Container Orchestration (28%)¶
This domain covers the fundamentals of containers and how container orchestration solves the challenges of running containerized applications at scale. You need to understand the container ecosystem (OCI standards, runtimes, registries), core orchestration concepts, and how Kubernetes compares to other orchestration platforms.
Exam Tip
This domain bridges the gap between "what containers are" and "why we need Kubernetes." Make sure you understand the problems that orchestration solves (scheduling, scaling, self-healing, service discovery) and the standards that make the ecosystem interoperable (OCI, CRI).
Container Fundamentals¶
What is a Container?¶
A container is a lightweight, standalone, executable package that includes everything needed to run a piece of software: code, runtime, system tools, libraries, and settings. Containers use OS-level virtualization (Linux namespaces and cgroups) to provide isolation.

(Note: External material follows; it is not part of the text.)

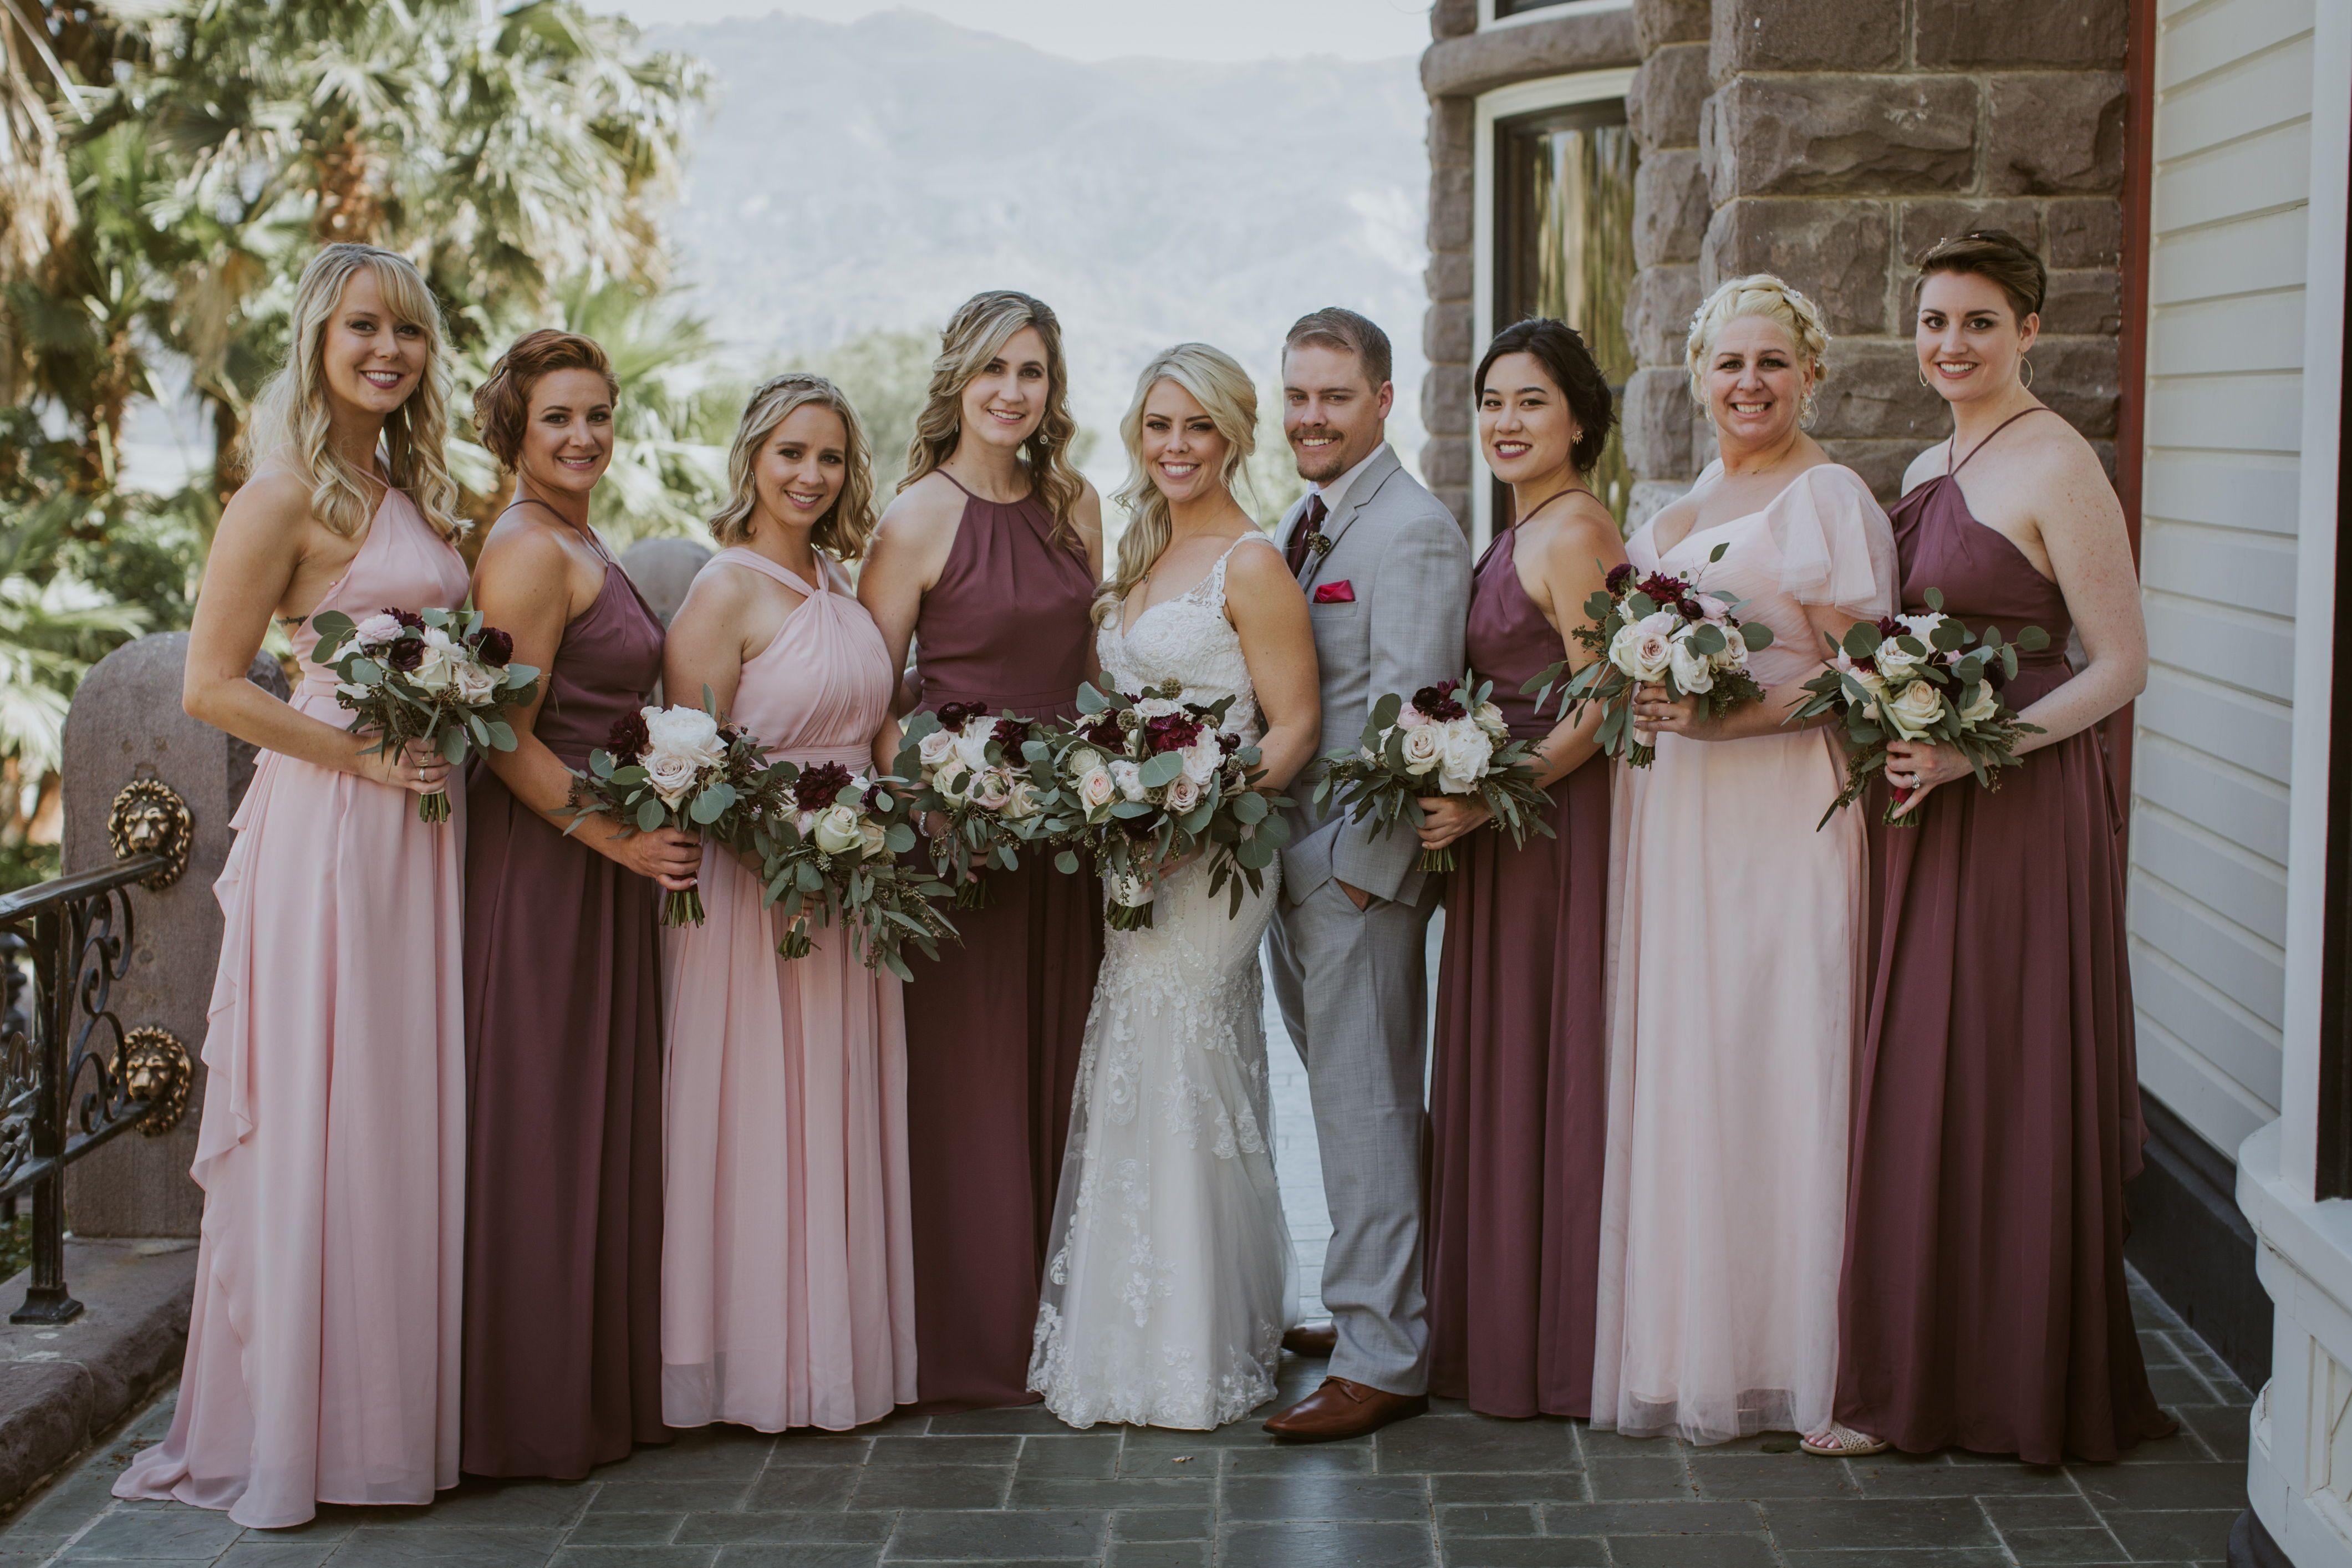 Pin On Bride And Bridesmaids

Key differences between containers and virtual machines:
| Aspect | Containers | Virtual Machines |
|---|---|---|
| Isolation | Process-level (shared kernel) | Hardware-level (separate kernel) |
| Startup time | Seconds | Minutes |
| Size | Megabytes | Gigabytes |
| Overhead | Minimal | Significant |
| Density | High (many per host) | Lower (fewer per host) |
OCI (Open Container Initiative)¶
The Open Container Initiative defines industry standards for container formats and runtimes. The two main specifications are:
- OCI Image Spec -- Defines the format for container images (layers, manifests, configuration).
- OCI Runtime Spec -- Defines how to run a container from an image. The reference implementation is runc.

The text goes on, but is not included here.